WHAT YOU HAVE TO DO: What is needed here is every record, retyped without any change.

--- TASK DATA ---

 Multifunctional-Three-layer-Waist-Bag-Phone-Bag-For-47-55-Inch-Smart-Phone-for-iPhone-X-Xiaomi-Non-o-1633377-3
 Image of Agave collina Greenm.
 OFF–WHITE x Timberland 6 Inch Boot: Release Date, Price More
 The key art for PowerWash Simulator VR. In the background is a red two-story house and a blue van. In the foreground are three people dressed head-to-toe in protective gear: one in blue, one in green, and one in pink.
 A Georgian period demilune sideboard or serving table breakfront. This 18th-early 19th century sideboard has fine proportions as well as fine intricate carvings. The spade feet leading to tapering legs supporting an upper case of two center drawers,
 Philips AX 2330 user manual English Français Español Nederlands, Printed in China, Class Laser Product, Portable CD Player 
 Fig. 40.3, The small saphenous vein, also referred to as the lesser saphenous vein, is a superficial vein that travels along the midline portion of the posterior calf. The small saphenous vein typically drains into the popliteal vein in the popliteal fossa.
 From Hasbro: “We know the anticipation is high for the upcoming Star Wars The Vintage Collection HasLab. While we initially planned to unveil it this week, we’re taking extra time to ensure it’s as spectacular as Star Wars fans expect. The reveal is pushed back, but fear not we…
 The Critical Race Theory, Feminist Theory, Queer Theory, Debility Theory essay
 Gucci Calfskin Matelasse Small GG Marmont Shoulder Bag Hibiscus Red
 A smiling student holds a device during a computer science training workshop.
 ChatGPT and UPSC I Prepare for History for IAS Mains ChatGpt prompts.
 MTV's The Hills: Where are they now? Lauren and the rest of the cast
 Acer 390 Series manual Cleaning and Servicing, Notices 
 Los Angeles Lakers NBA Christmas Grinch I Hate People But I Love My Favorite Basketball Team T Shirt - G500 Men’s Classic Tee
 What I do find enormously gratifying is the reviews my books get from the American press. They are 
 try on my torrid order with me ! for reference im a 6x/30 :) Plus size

---

EXERCISE OUTPUT:
 Multifunctional-Three-layer-Waist-Bag-Phone-Bag-For-47-55-Inch-Smart-Phone-for-iPhone-X-Xiaomi-Non-o-1633377-3
 Image of Agave collina Greenm.
 OFF–WHITE x Timberland 6 Inch Boot: Release Date, Price More
 The key art for PowerWash Simulator VR. In the background is a red two-story house and a blue van. In the foreground are three people dressed head-to-toe in protective gear: one in blue, one in green, and one in pink.
 A Georgian period demilune sideboard or serving table breakfront. This 18th-early 19th century sideboard has fine proportions as well as fine intricate carvings. The spade feet leading to tapering legs supporting an upper case of two center drawers,
 Philips AX 2330 user manual English Français Español Nederlands, Printed in China, Class Laser Product, Portable CD Player 
 Fig. 40.3, The small saphenous vein, also referred to as the lesser saphenous vein, is a superficial vein that travels along the midline portion of the posterior calf. The small saphenous vein typically drains into the popliteal vein in the popliteal fossa.
 From Hasbro: “We know the anticipation is high for the upcoming Star Wars The Vintage Collection HasLab. While we initially planned to unveil it this week, we’re taking extra time to ensure it’s as spectacular as Star Wars fans expect. The reveal is pushed back, but fear not we…
 The Critical Race Theory, Feminist Theory, Queer Theory, Debility Theory essay
 Gucci Calfskin Matelasse Small GG Marmont Shoulder Bag Hibiscus Red
 A smiling student holds a device during a computer science training workshop.
 ChatGPT and UPSC I Prepare for History for IAS Mains ChatGpt prompts.
 MTV's The Hills: Where are they now? Lauren and the rest of the cast
 Acer 390 Series manual Cleaning and Servicing, Notices 
 Los Angeles Lakers NBA Christmas Grinch I Hate People But I Love My Favorite Basketball Team T Shirt - G500 Men’s Classic Tee
 What I do find enormously gratifying is the reviews my books get from the American press. They are 
 try on my torrid order with me ! for reference im a 6x/30 :) Plus size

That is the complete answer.